Start of The records

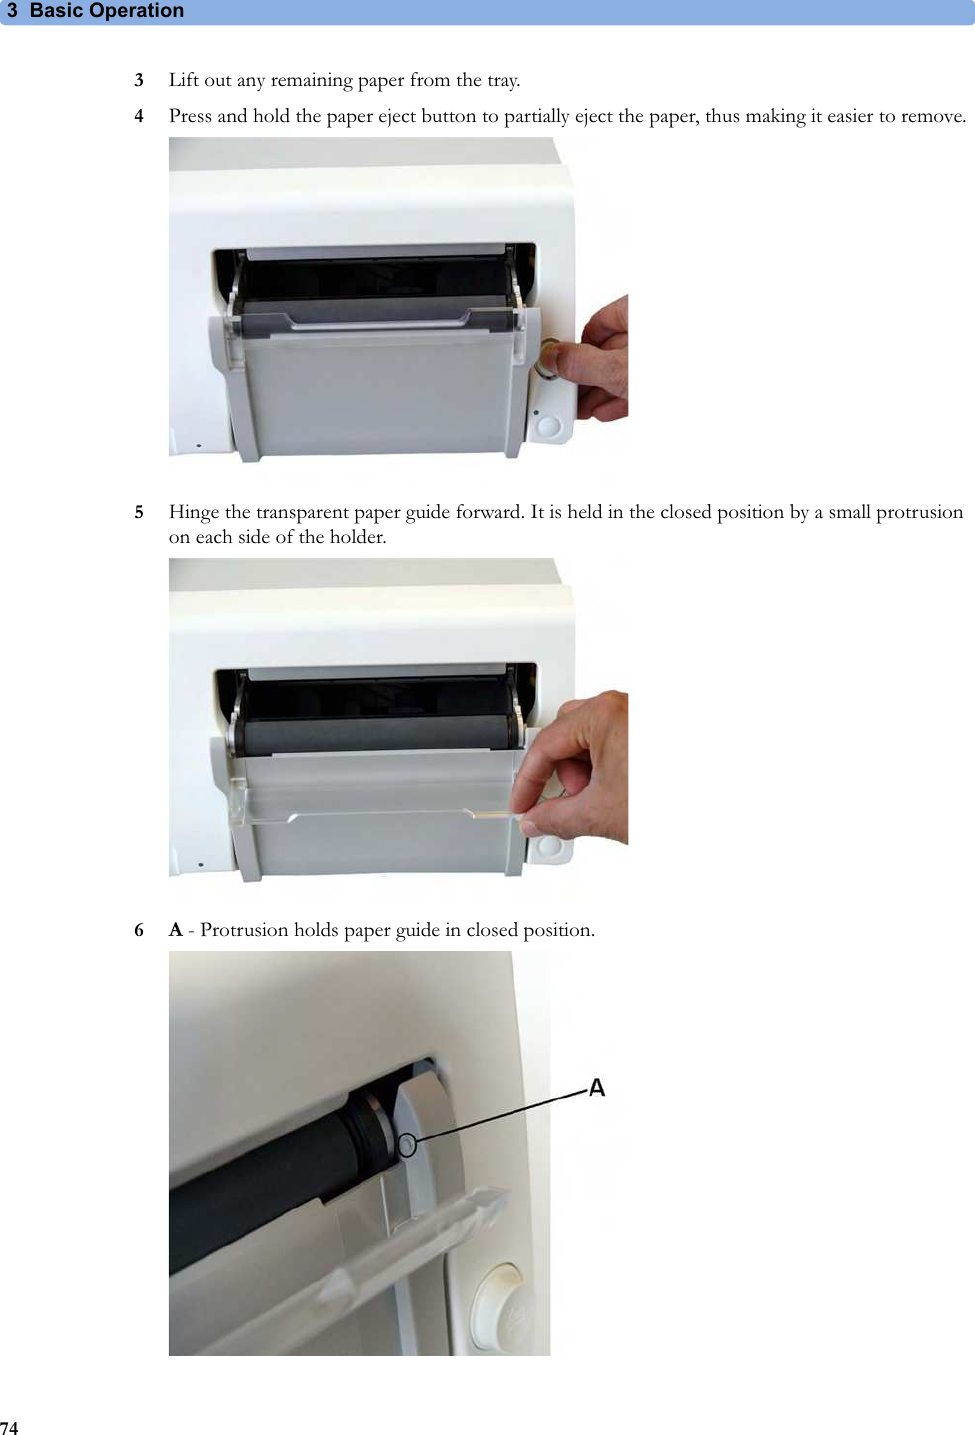 3  Basic Operation743Lift out any remaining paper from the tray. 4Press and hold the paper eject button to partially eject the paper, thus making it easier to remove.5Hinge the transparent paper guide forward. It is held in the closed position by a small protrusion on each side of the holder.6A - Protrusion holds paper guide in closed position.
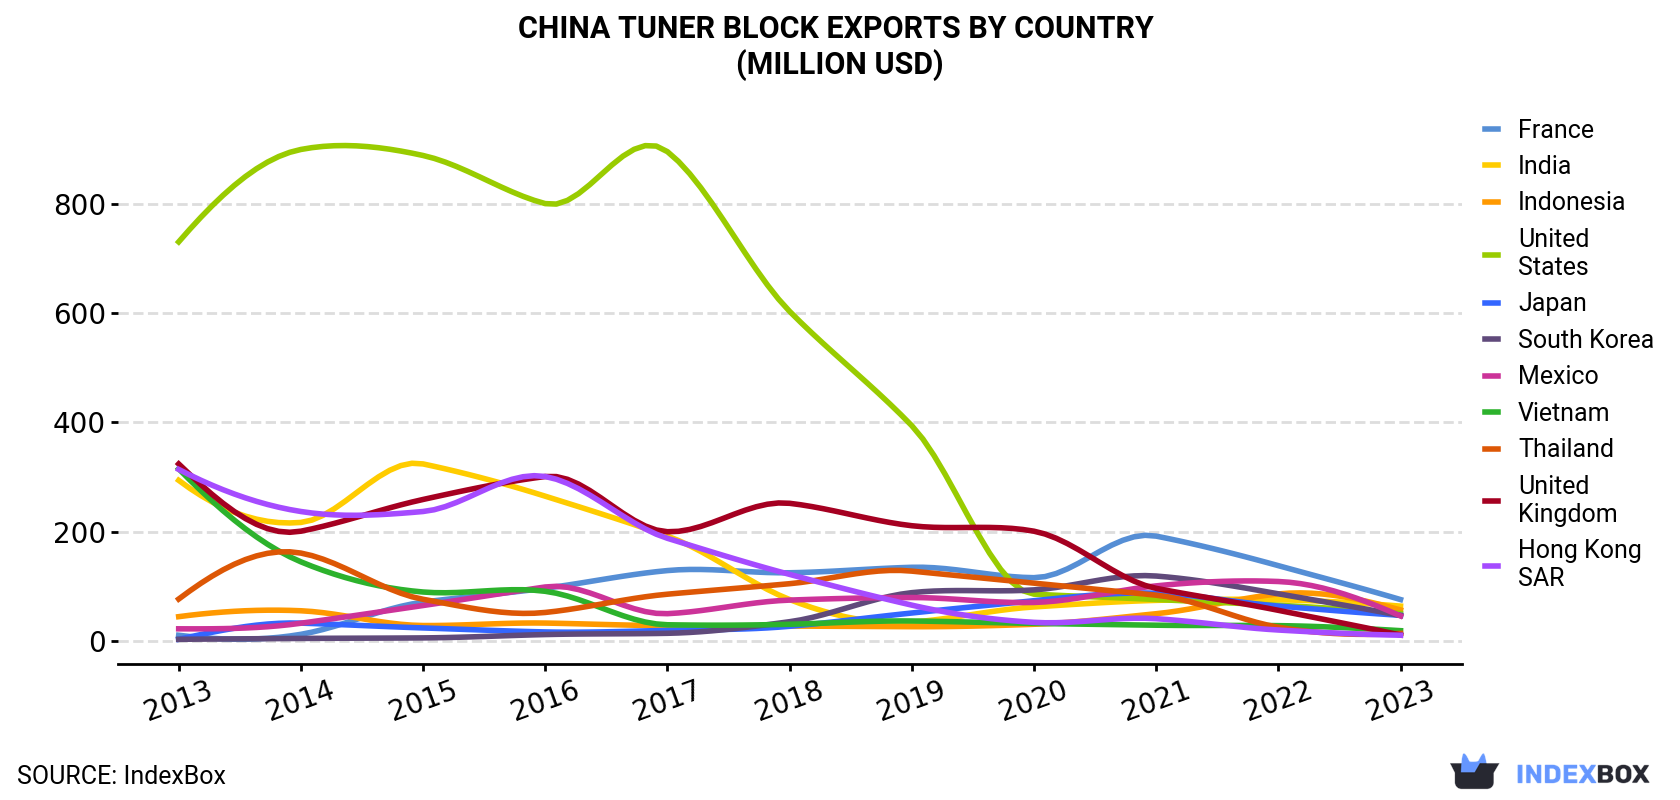 China Tuner Block Exports By Country (Million USD)
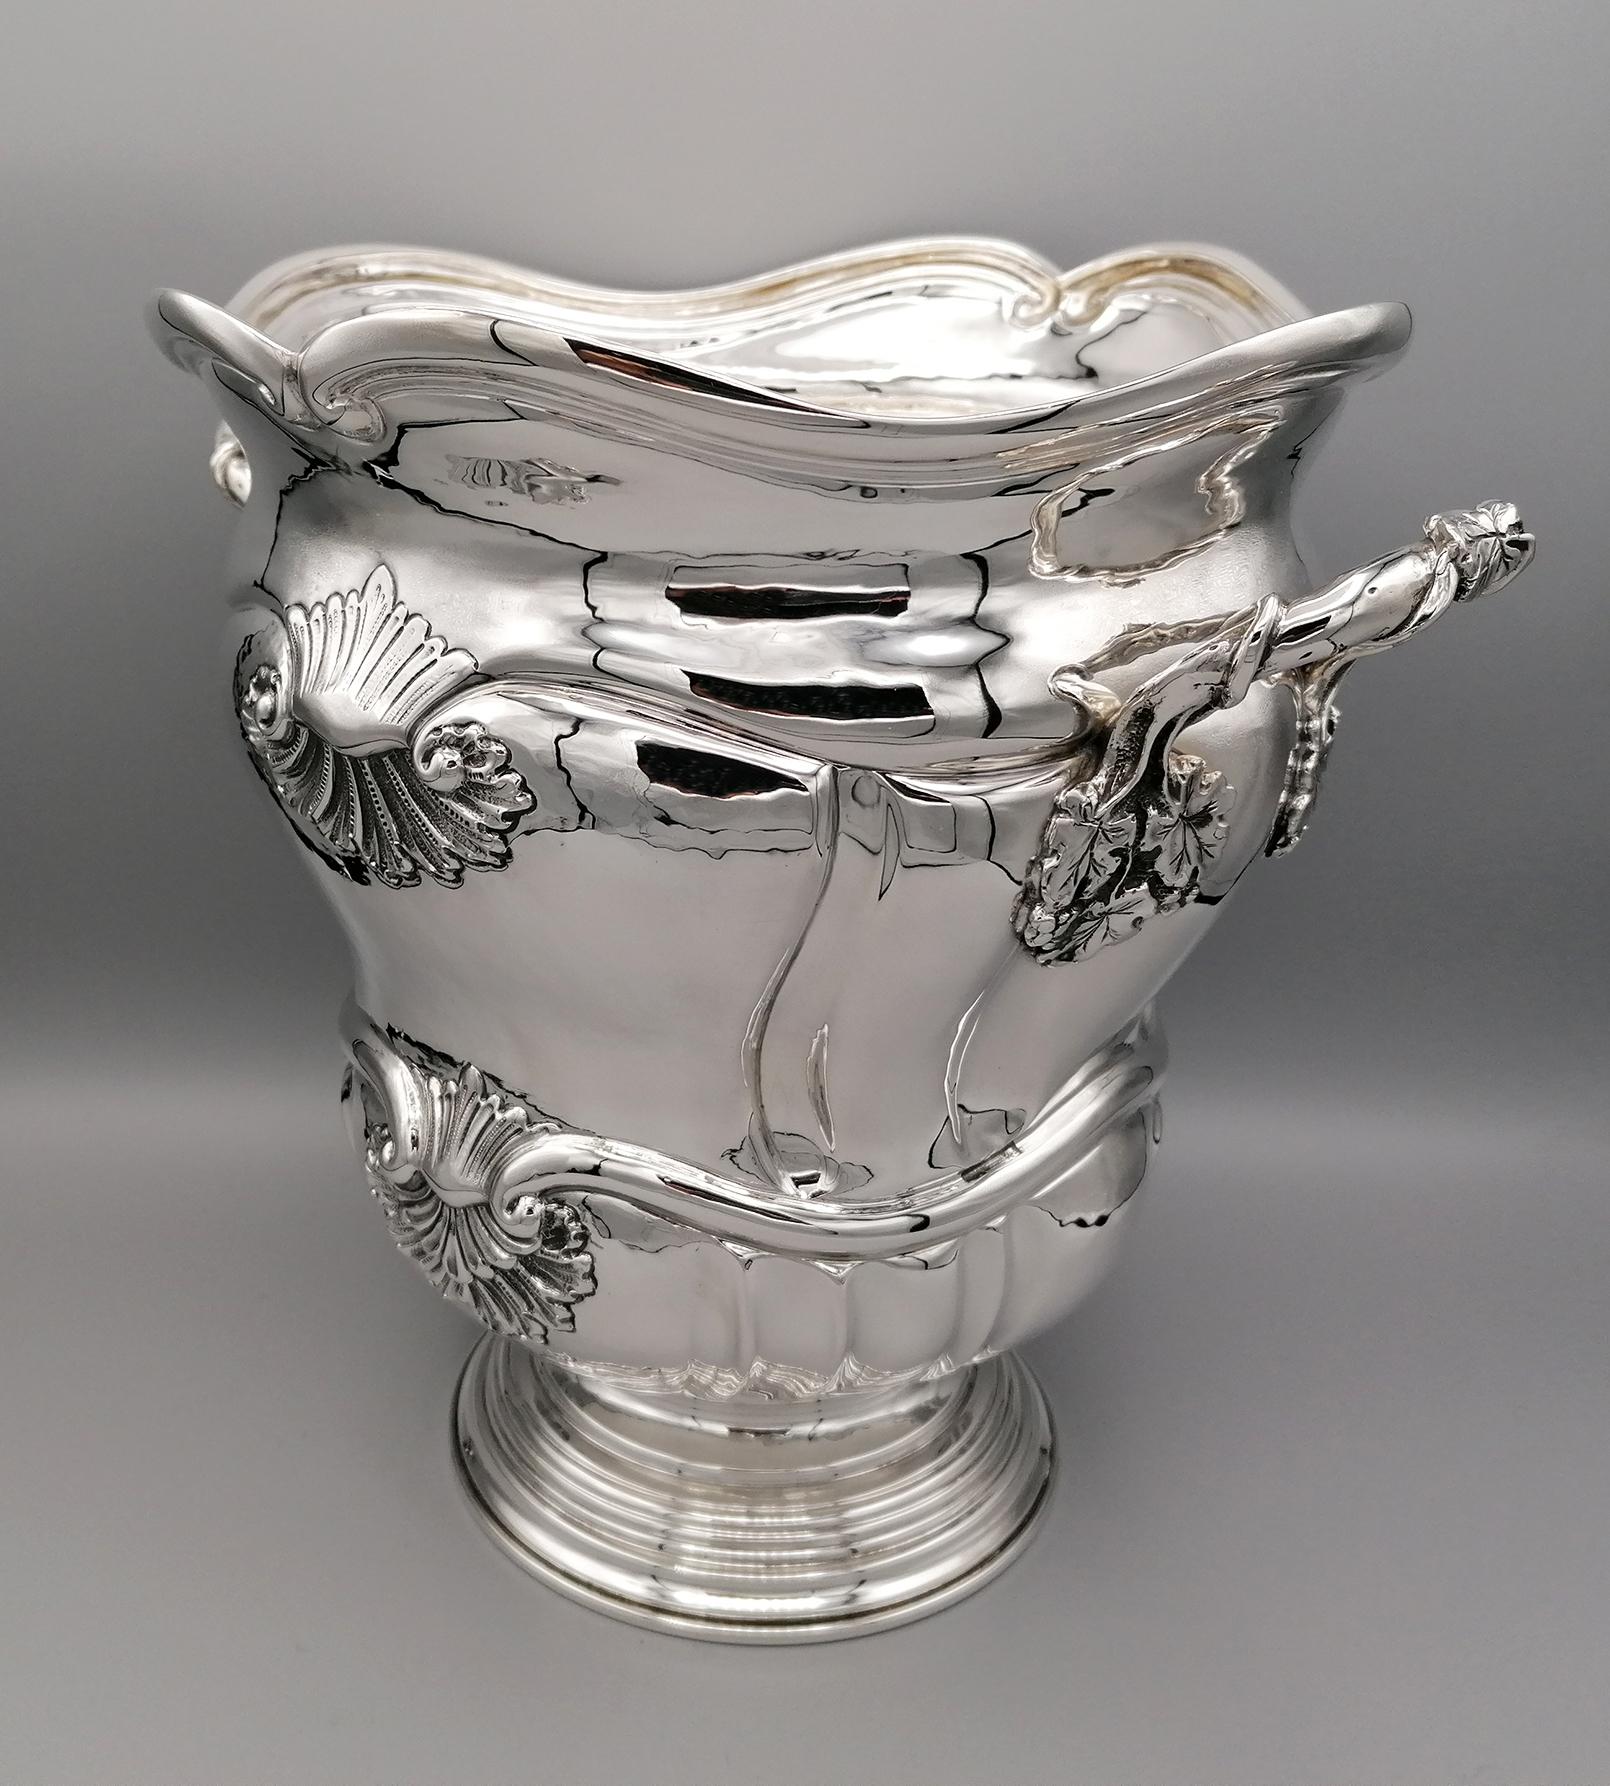 Gorgeous handmade sterling silver champagne bucket.
The body is shaped, embossed and chiseled completely by hand.
Four shells of two different sizes, typical of the Baroque style, have been embossed and chiseled in a symmetrical way.
Two large
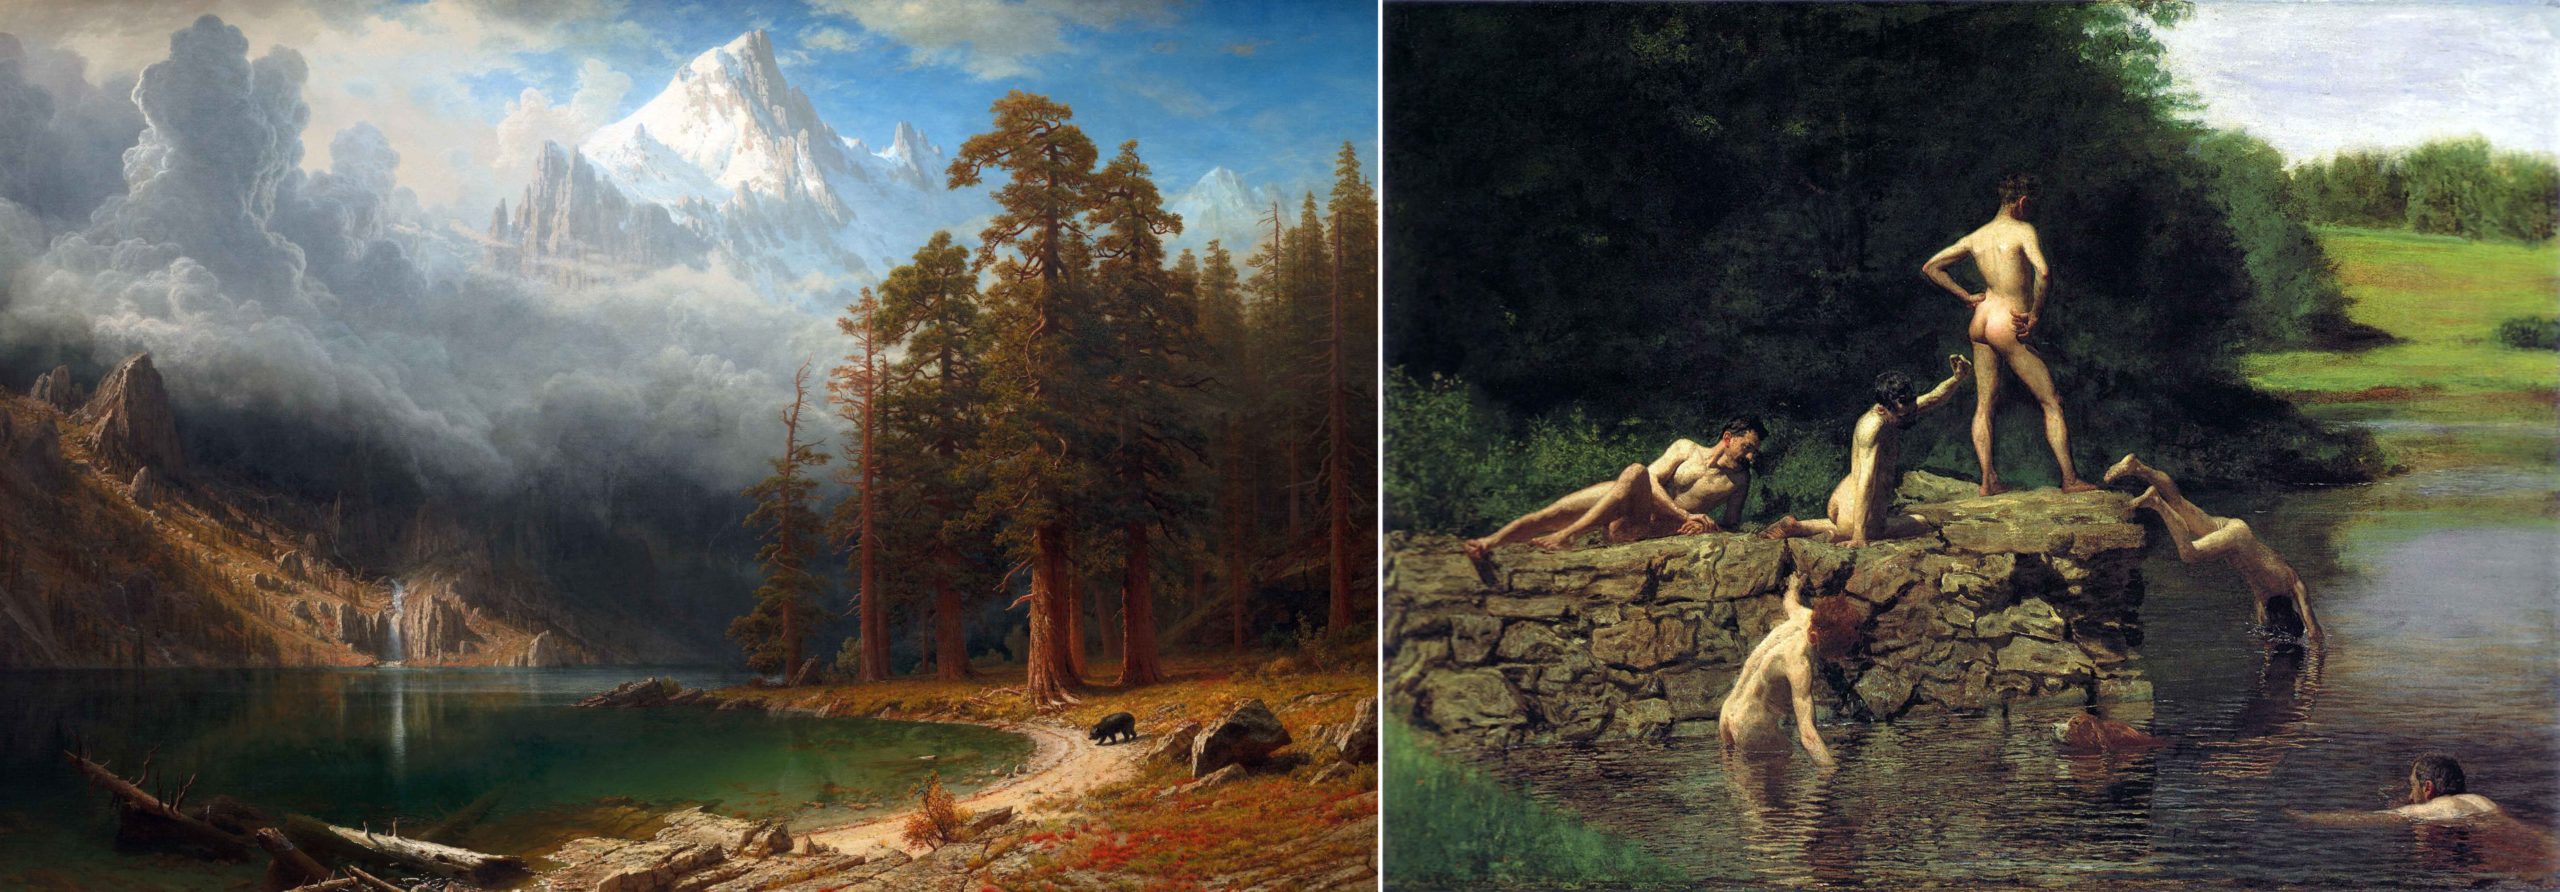 Left: Albert Bierstadt, Mount Corcoran, c. 1876–77, oil on canvas 154.1 x 243.5 cm (National Gallery of Art); right: Thomas Eakins, Swimming, 1885, oil on canvas, 27 3/8 x 36 3/8 in. (Amon Carter Museum)

End of The records

Instructions to follow
Among the lines above, please find those with "chiseled" and copy them.

Answer to this problem
The body is shaped, embossed and chiseled completely by hand.
Four shells of two different sizes, typical of the Baroque style, have been embossed and chiseled in a symmetrical way.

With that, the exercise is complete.